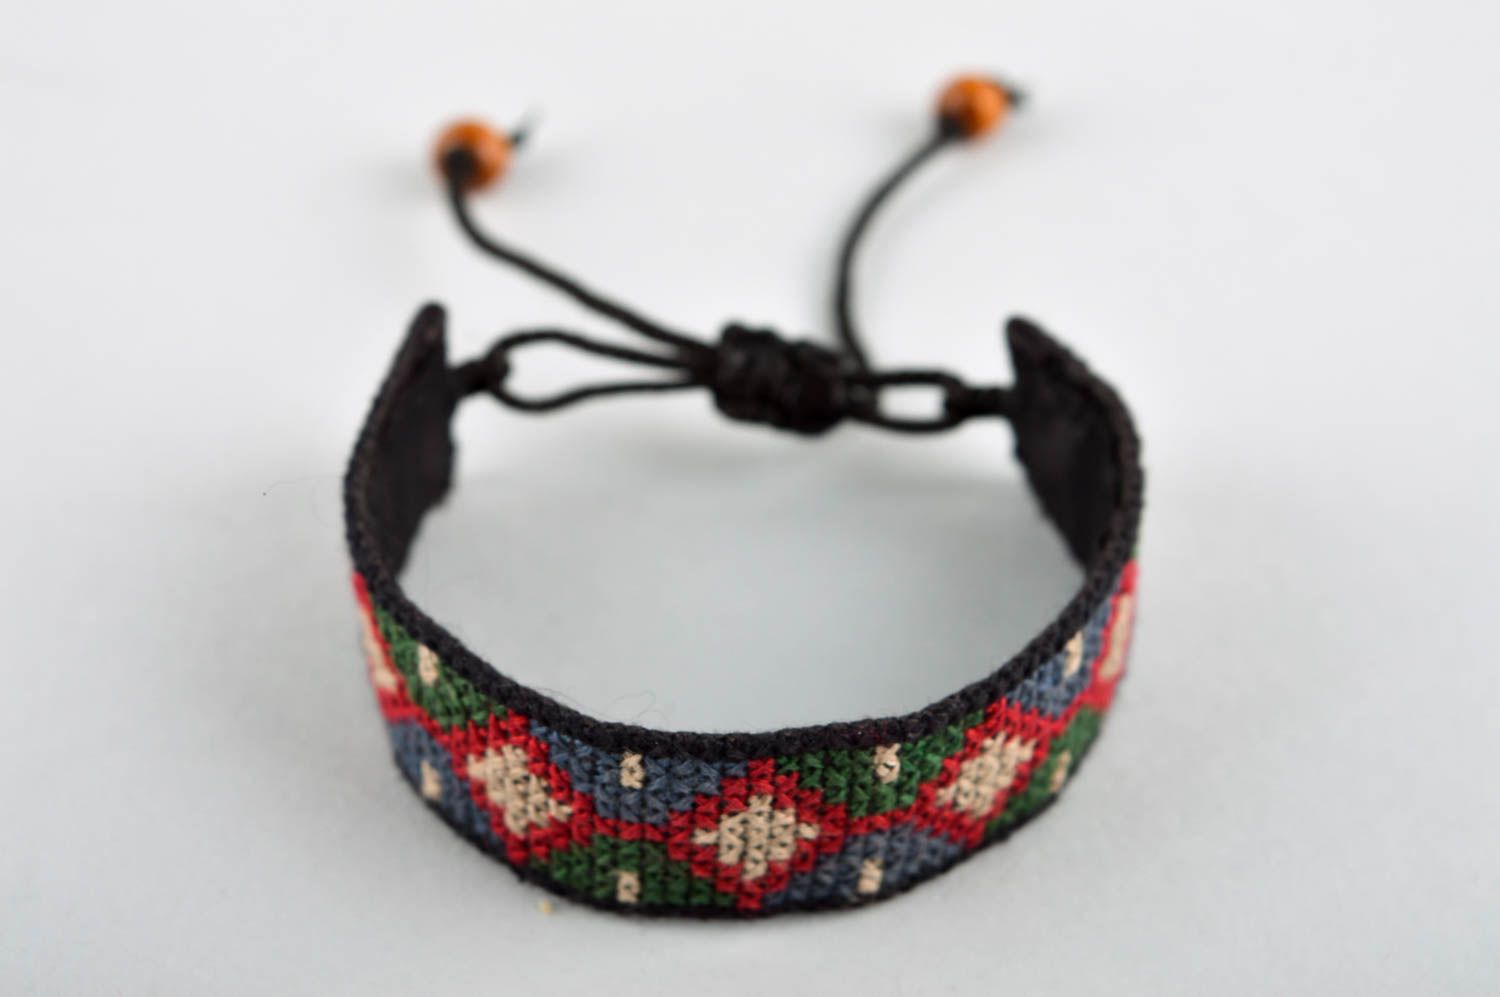 Handmade textile bracelet designs modern embroidery costume jewelry gift ideas photo 2
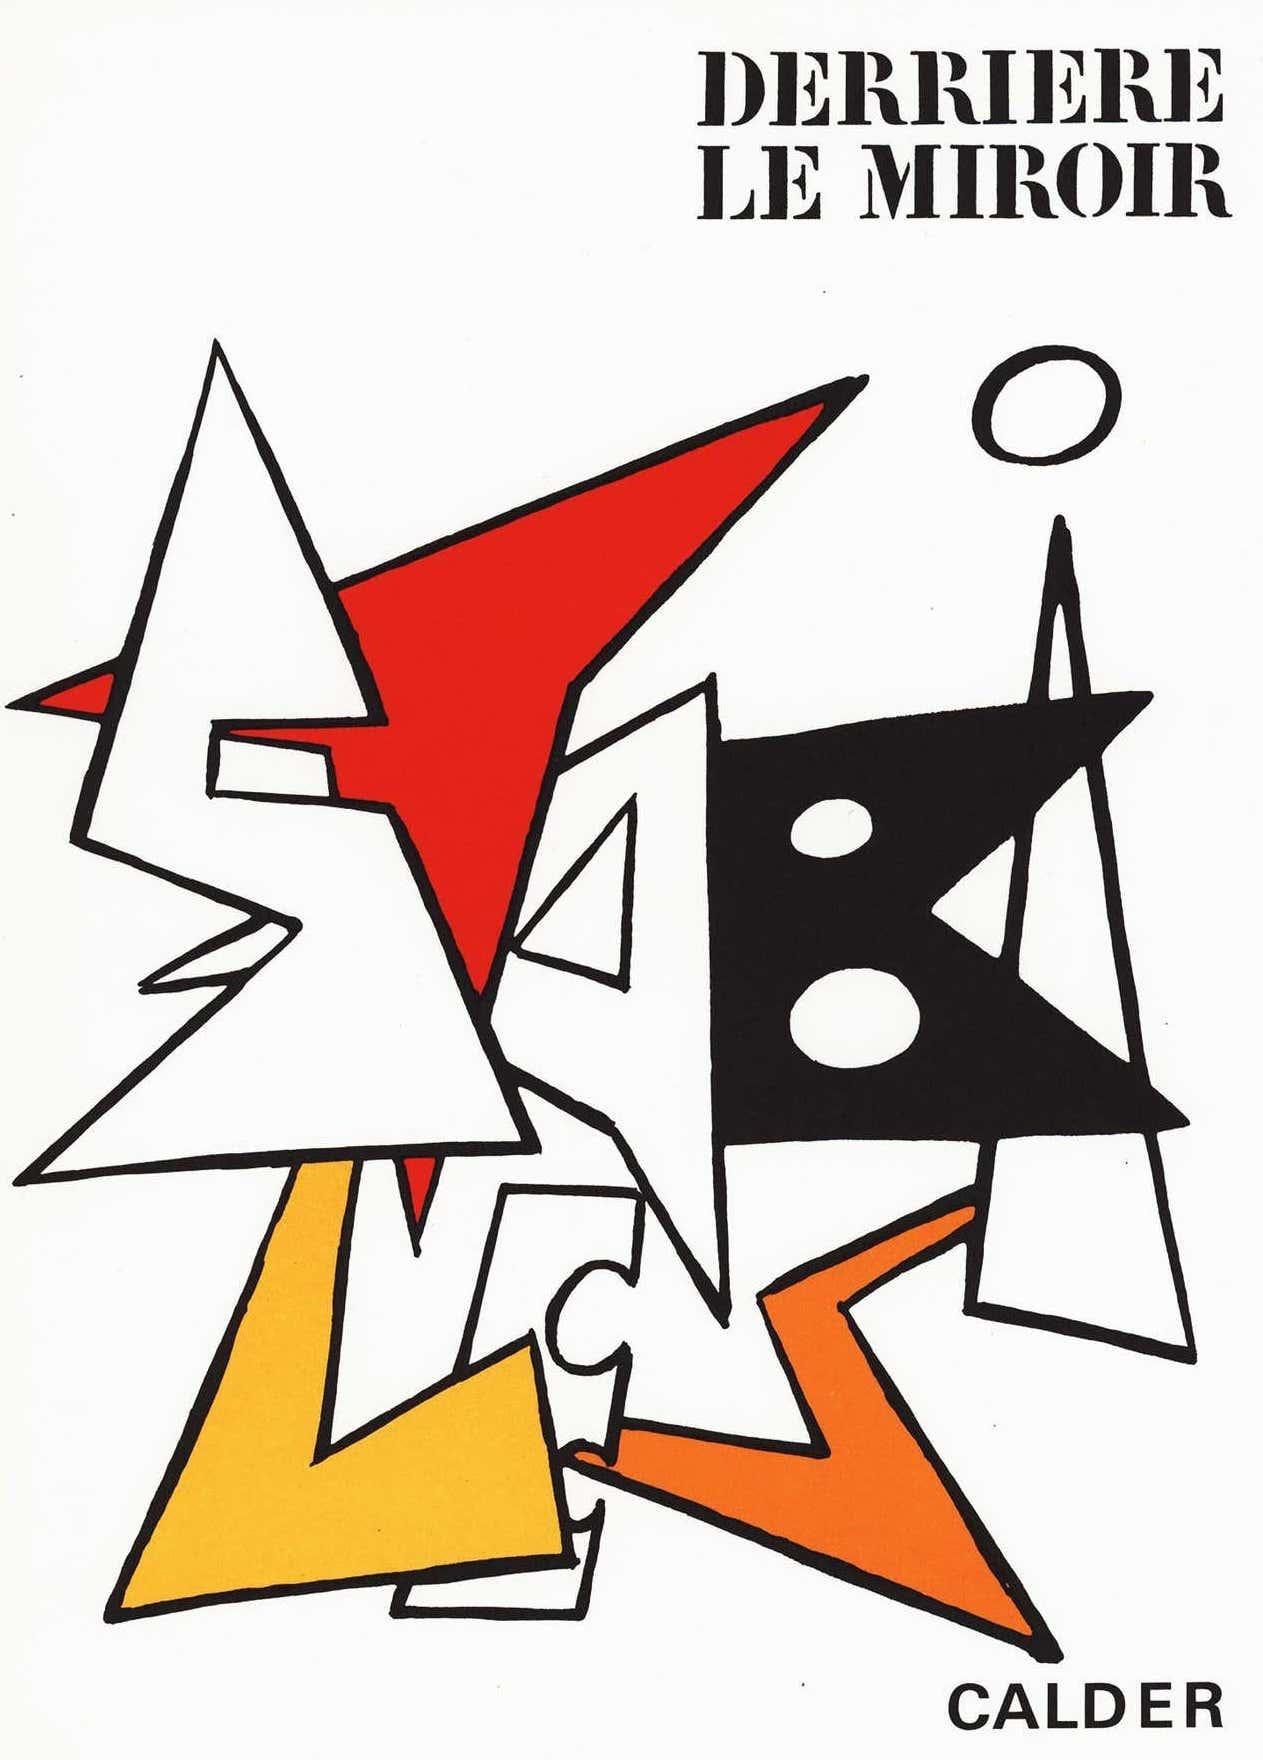 What did Alexander Calder invent?
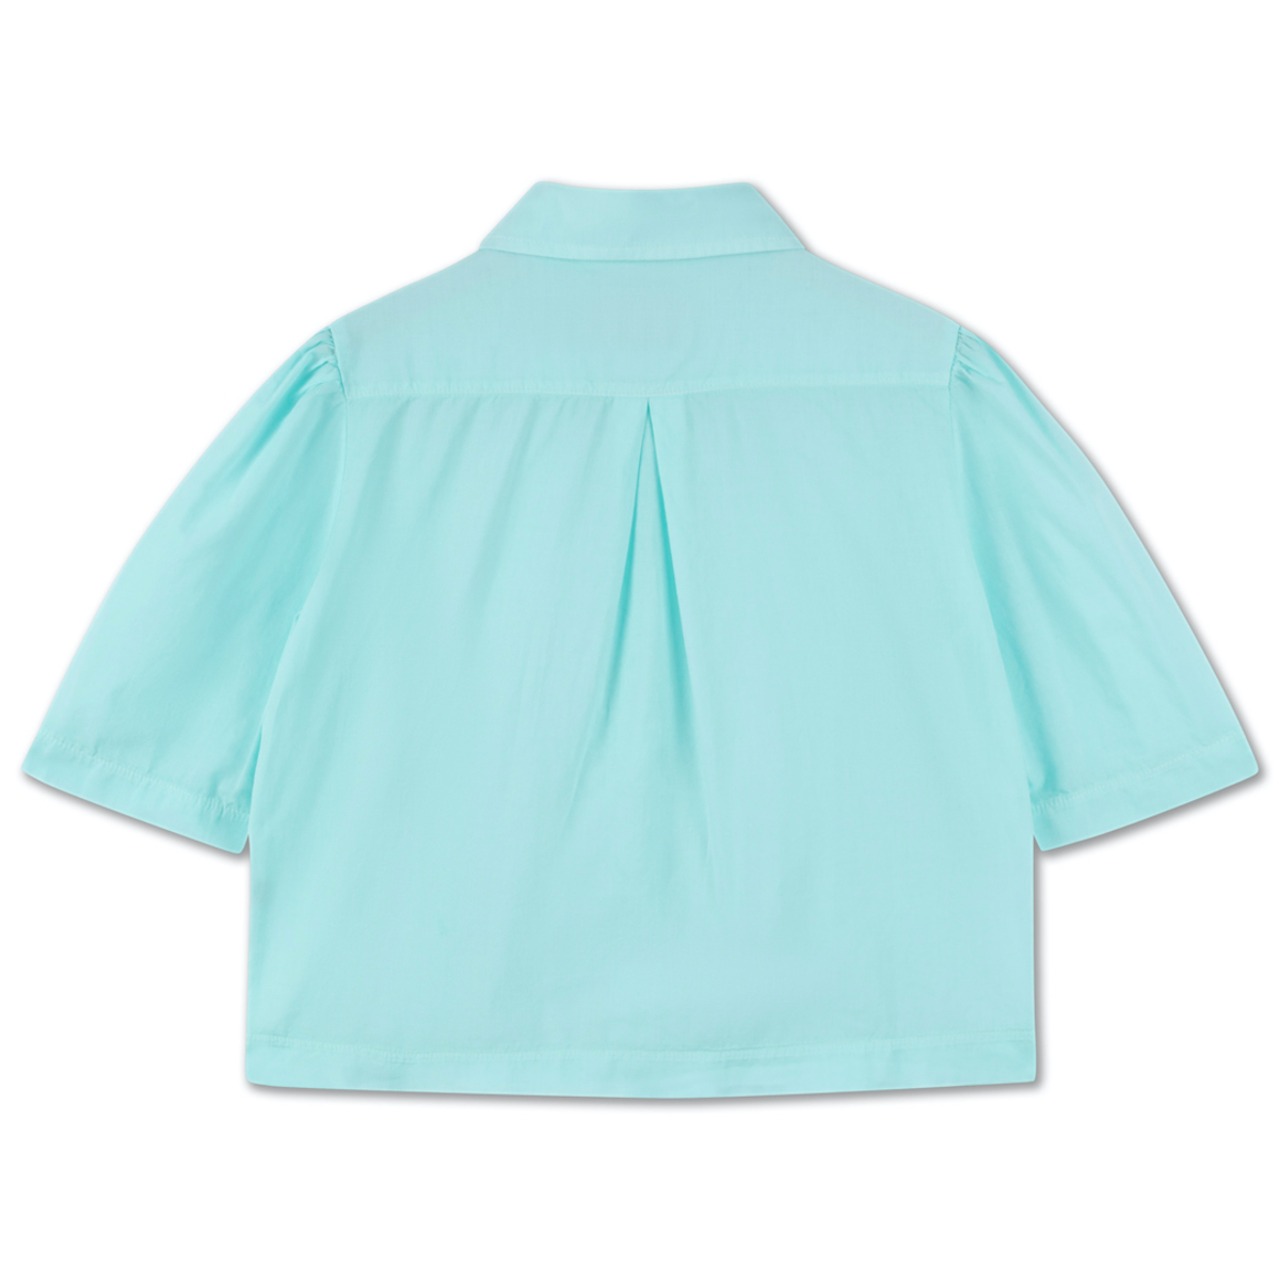 〈 REPOSE AMS 24SS 〉blouse / aqua light
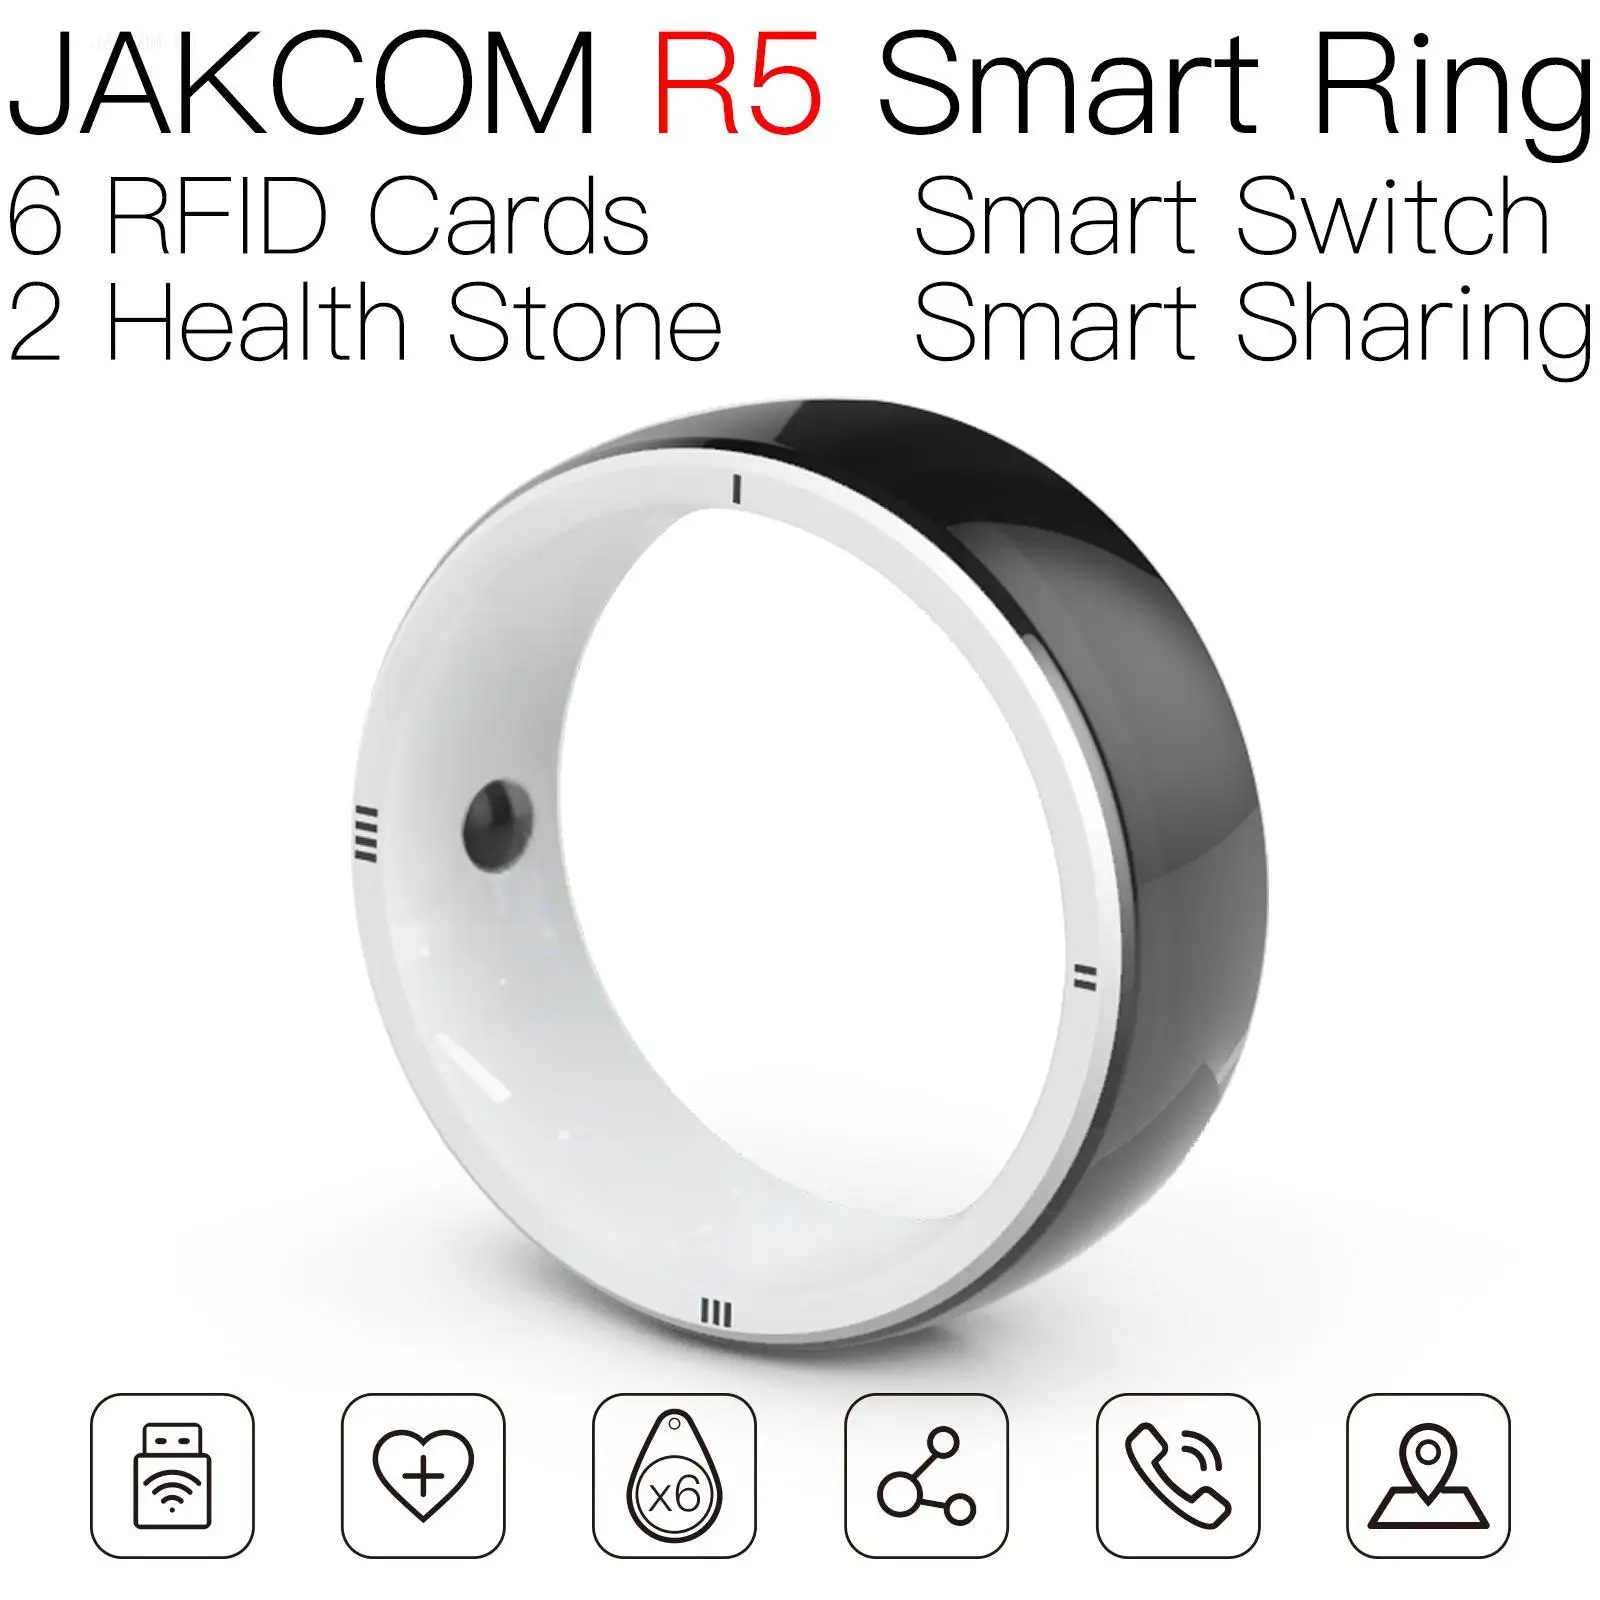 

JAKCOM R5 Smart Ring Nice than rfid writable key fobs 125khz smart card emulator zigbee mqtt carte amiboo serie 1 chip

______

■ WHAT YOU SHOULD DO ■
Reproduce the data above verbatim, minus any images.

■ YOUR RESPONSE ■
 Handmade textile bracelet designs modern embroidery costume jewelry gift ideas photo 2
 What did Alexander Calder invent?
 〈 REPOSE AMS 24SS 〉blouse / aqua light

JAKCOM R5 Smart Ring Nice than rfid writable key fobs 125khz smart card emulator zigbee mqtt carte amiboo serie 1 chip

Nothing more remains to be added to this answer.